Artikel ini juga dapat dibaca di . |
Turnover karyawan adalah satu dari sekian banyak persoalan internal perusahaan yang menjadi mimpi buruk HRD. Jelas saja. Meski proses perekrutannya terlihat sederhana, namun mempertahankan karyawan bukanlah perkara mudah. Terutama jika perusahaan memasang standar tinggi untuk tenaga kerjanya. Alhasil, efek dari satu karyawan yang resign pun bisa jadi berkepanjangan.
Keluar masuknya karyawan di sebuah perusahaan dipicu oleh berbagai hal. Liz Ryan, CEO Human Workplace yang juga kontributor Forbes pernah menyebutkan bahwa turnover merupakan masalah yang terkait dengan kepemimpinan. Para manager pun tak dapat mengelak—mengingat beragam survei telah membuktikan bahwa sebagian besar karyawan meninggalkan perusahaannya karena atasan.
Bagaimana hal ini bisa terjadi?
Peran penting seorang atasan
Pencapaian seorang karyawan tak pernah lepas dari andil atasannya. Meski telah memiliki peran masing-masing, namun setiap langkah yang mereka ambil juga menjadi tanggung jawab sang atasan. Dialah yang memberi arahan dan bimbingan agar pekerjaan timnya tuntas tanpa hambatan, sehingga pantas jika ia berbangga hati ketika bawahannya menoreh prestasi di perusahaan.

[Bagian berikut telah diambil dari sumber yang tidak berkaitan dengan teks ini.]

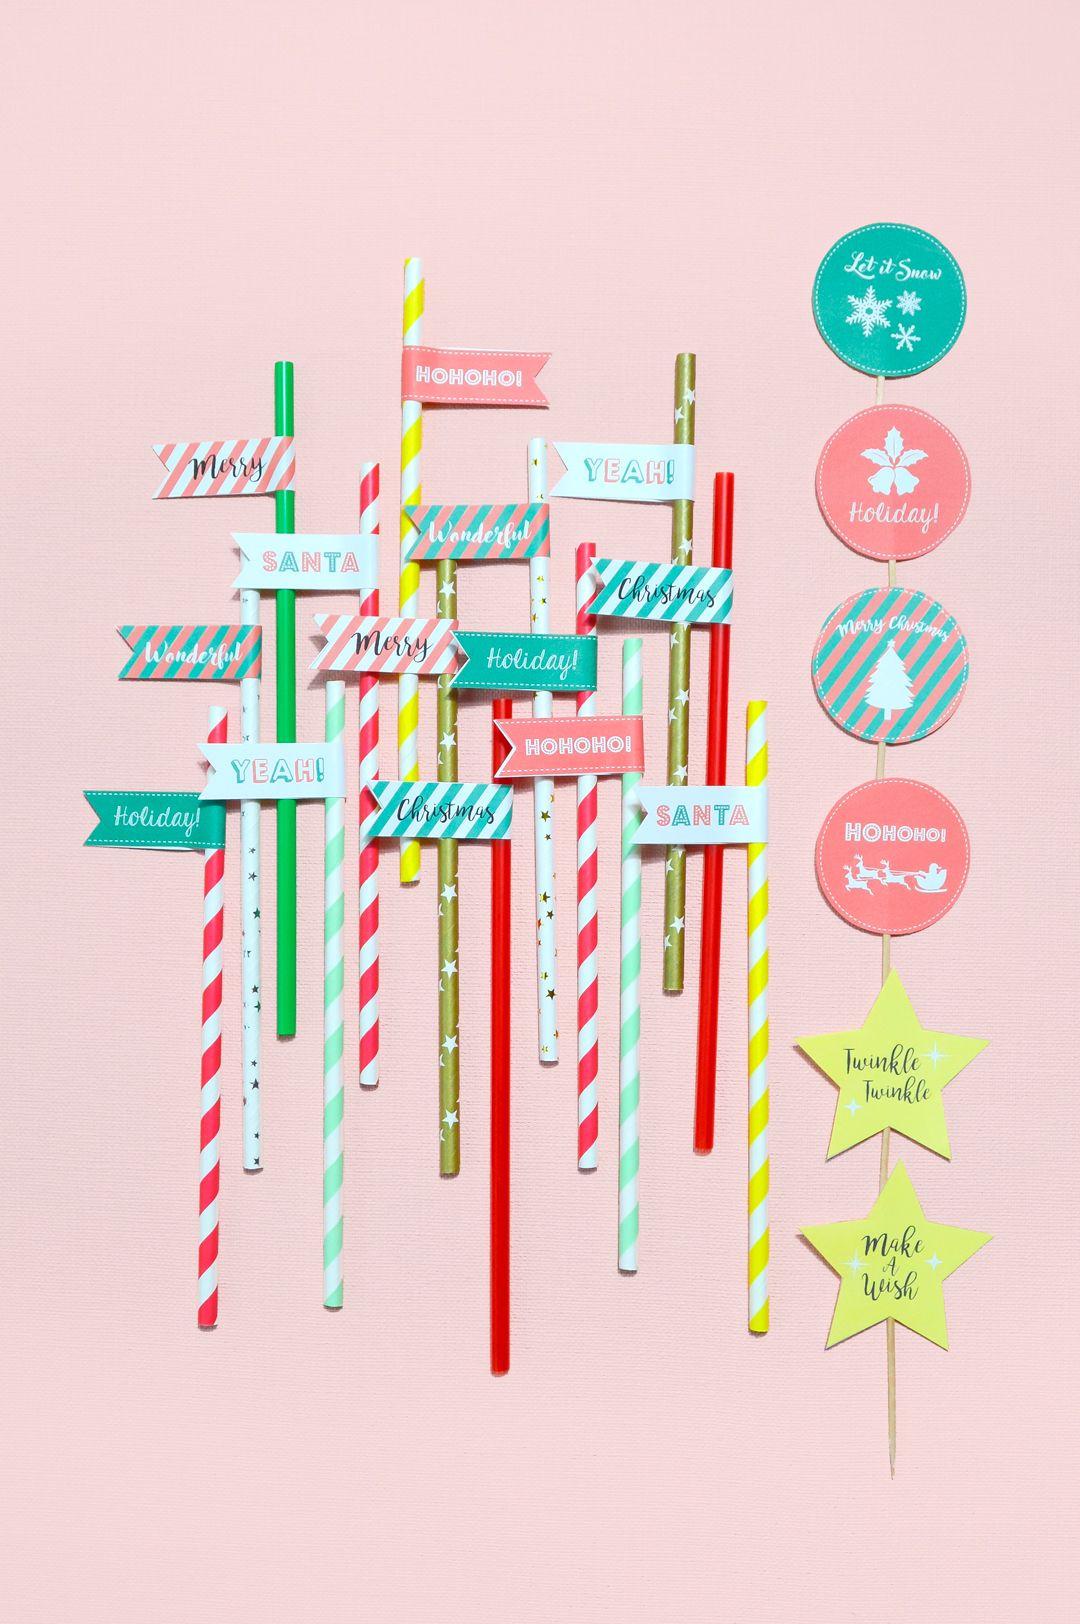 free holiday printable 2017 クリスマスパーティに 簡単デコストロー

Sayangnya, tak semua atasan mau berkaca pada diri sendiri ketika bawahannya resign. Mereka malah buru-buru mencari pembenaran tanpa jalan keluar yang tepat. Kalau saja ada sedikit usaha, misalnya saja dengan “mengintip” isi hati para karyawan mereka yang dituliskan di Jobplanet, perusahaan pasti bisa mencari solusi untuk menekan isu turnover ini.

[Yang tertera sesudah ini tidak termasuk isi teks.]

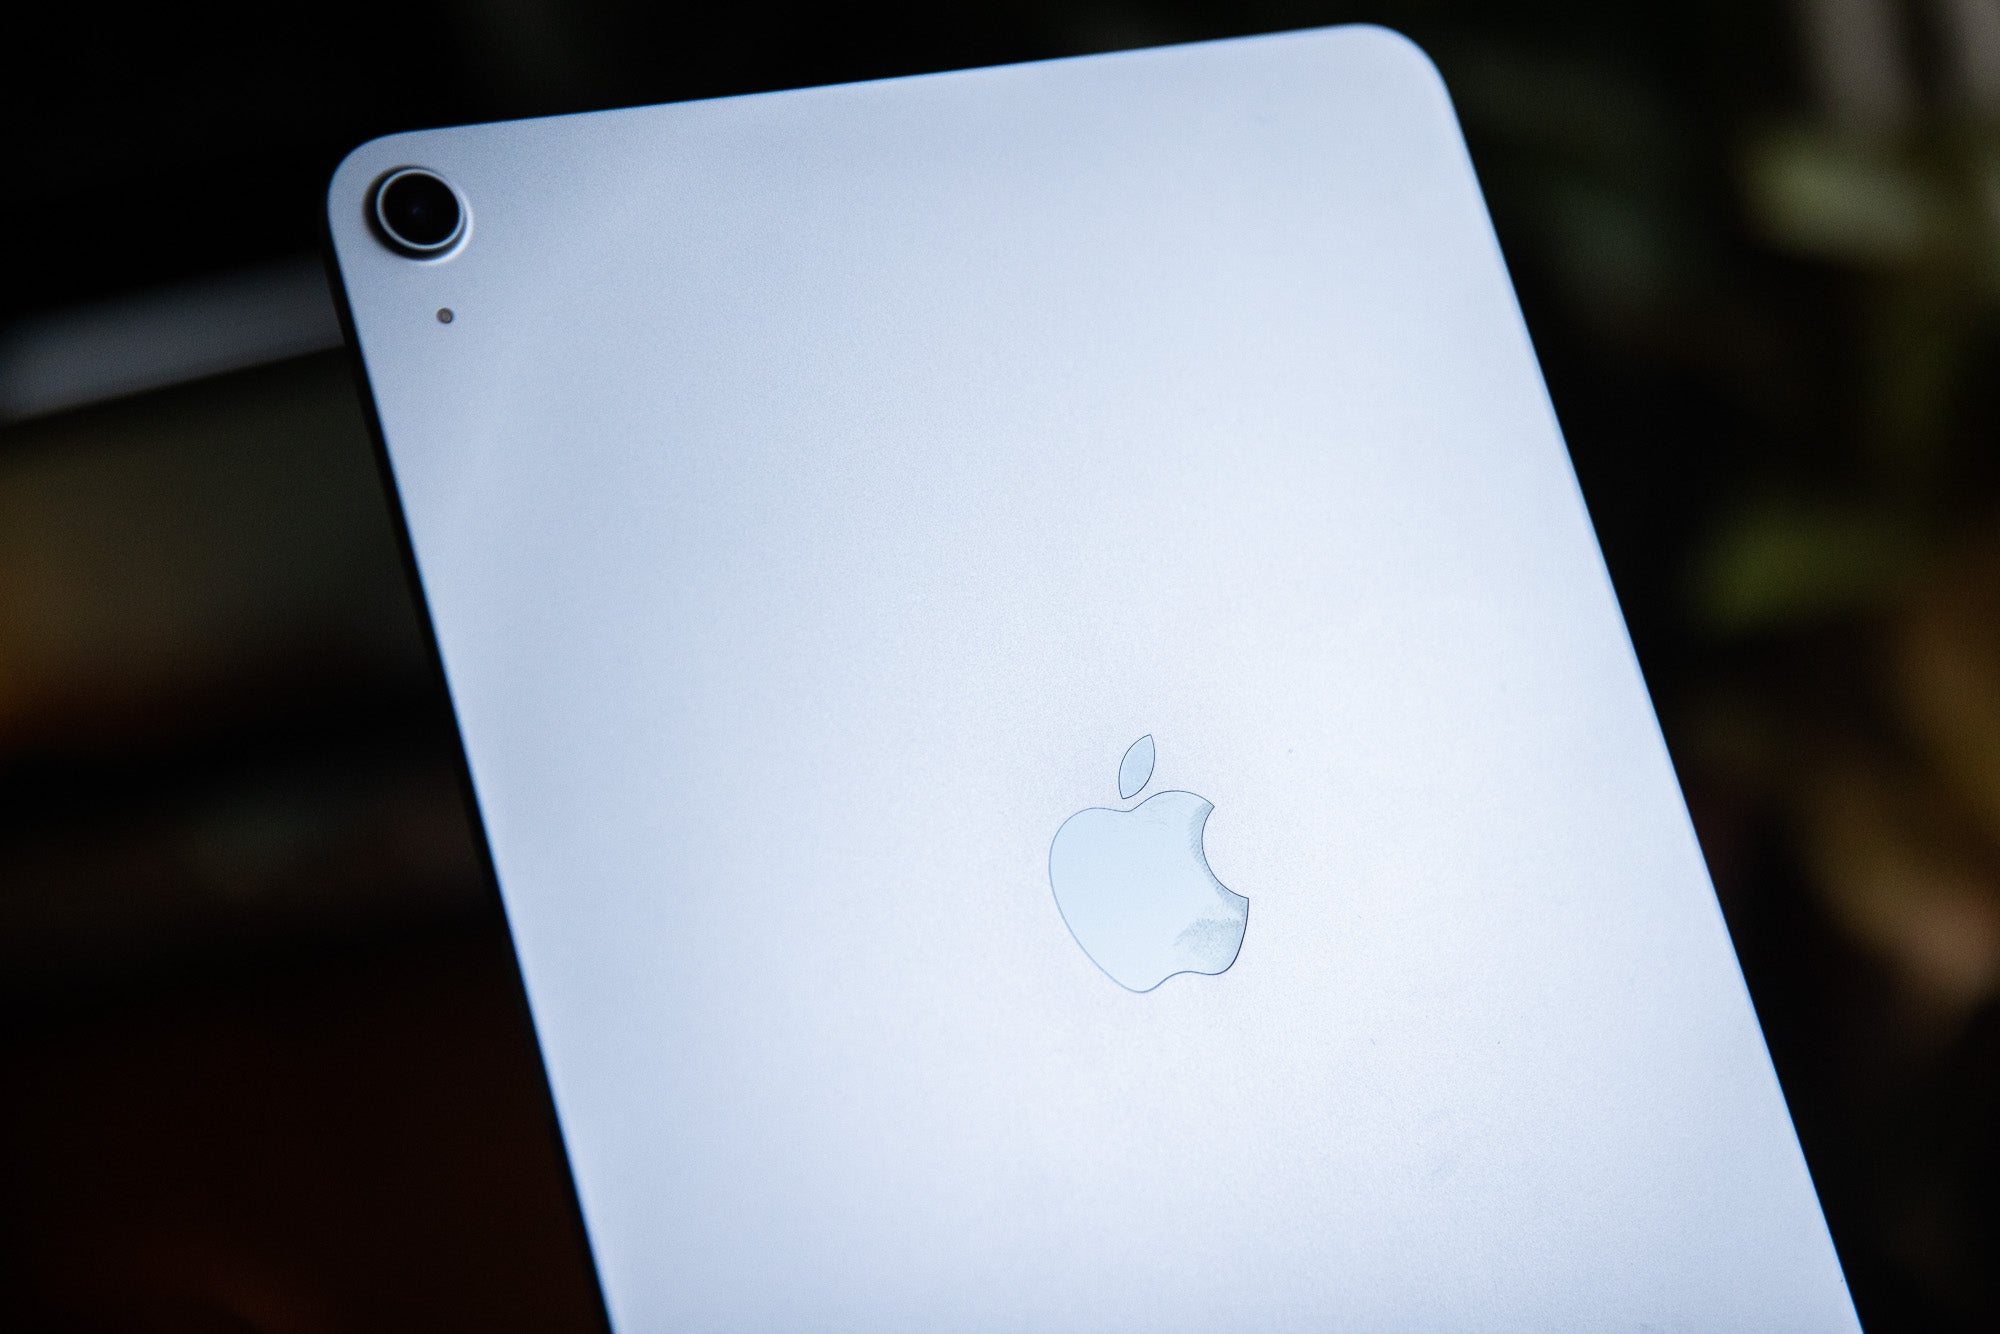 An iPad against a dark background

“Manager sering acuh tak acuh. Dan hanya bisa ikut menekan tanpa pengarahan yang baik.” – Karyawan Sales Perusahaan Manufaktur
“perlakuan tidak adil dan atasan sekehendak hati dalam menyuruh karyawan, membuat karyawan tidak nyaman dalam bekerja” – Karyawan Marketing Anak Perusahaan BUMN
“atasan terlalu menjaga jarak dengan bawahan, bawahan seakan tidak diperhatikan sama sekali, pekerjaan mengharuskan ready 24/7” – Karyawan Desain Anak Perusahaan BUMN
Suasana kantor yang tidak kondusif seperti di atas dapat mendorong keinginan karyawan untuk resign. Sebenarnya hal ini bisa dicegah selama karyawan mengedepankan profesionalitas, serta mengesampingkan perasaan pribadinya. Akan tetapi, perlakuan atasan yang tidak kooperatif pun lama kelamaan akan merugikan perusahaan.

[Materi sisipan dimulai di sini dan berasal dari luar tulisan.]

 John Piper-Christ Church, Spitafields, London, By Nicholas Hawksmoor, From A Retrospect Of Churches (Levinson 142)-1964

Meski demikian, tidak semua kesalahan layak dilimpahkan pada atasan. HRD juga harus bisa melakukan penilaian yang adil, dengan ikut menyoroti performa dan tingkah laku karyawan itu sendiri. Nah, exit interview bisa menjadi solusinya. Melalui wawancara terakhir ini, HRD dan para manager dapat mengungkap apa alasan sesungguhnya karyawan meninggalkan perusahaan.
Jika Anda seorang atasan, lakukanlah evaluasi rutin terhadap gaya kepemimpinan Anda. Misalnya, lewat sesi tatap muka dengan bawahan. Sementara jika Anda ada di posisi bawahan, ketahuilah bahwa ketidakcocokan dengan bos bukanlah alasan yang tepat untuk resign. Setidaknya hadapi dulu tantangan tersebut sebelum memutuskan untuk mencari perusahaan lain yang lebih baik.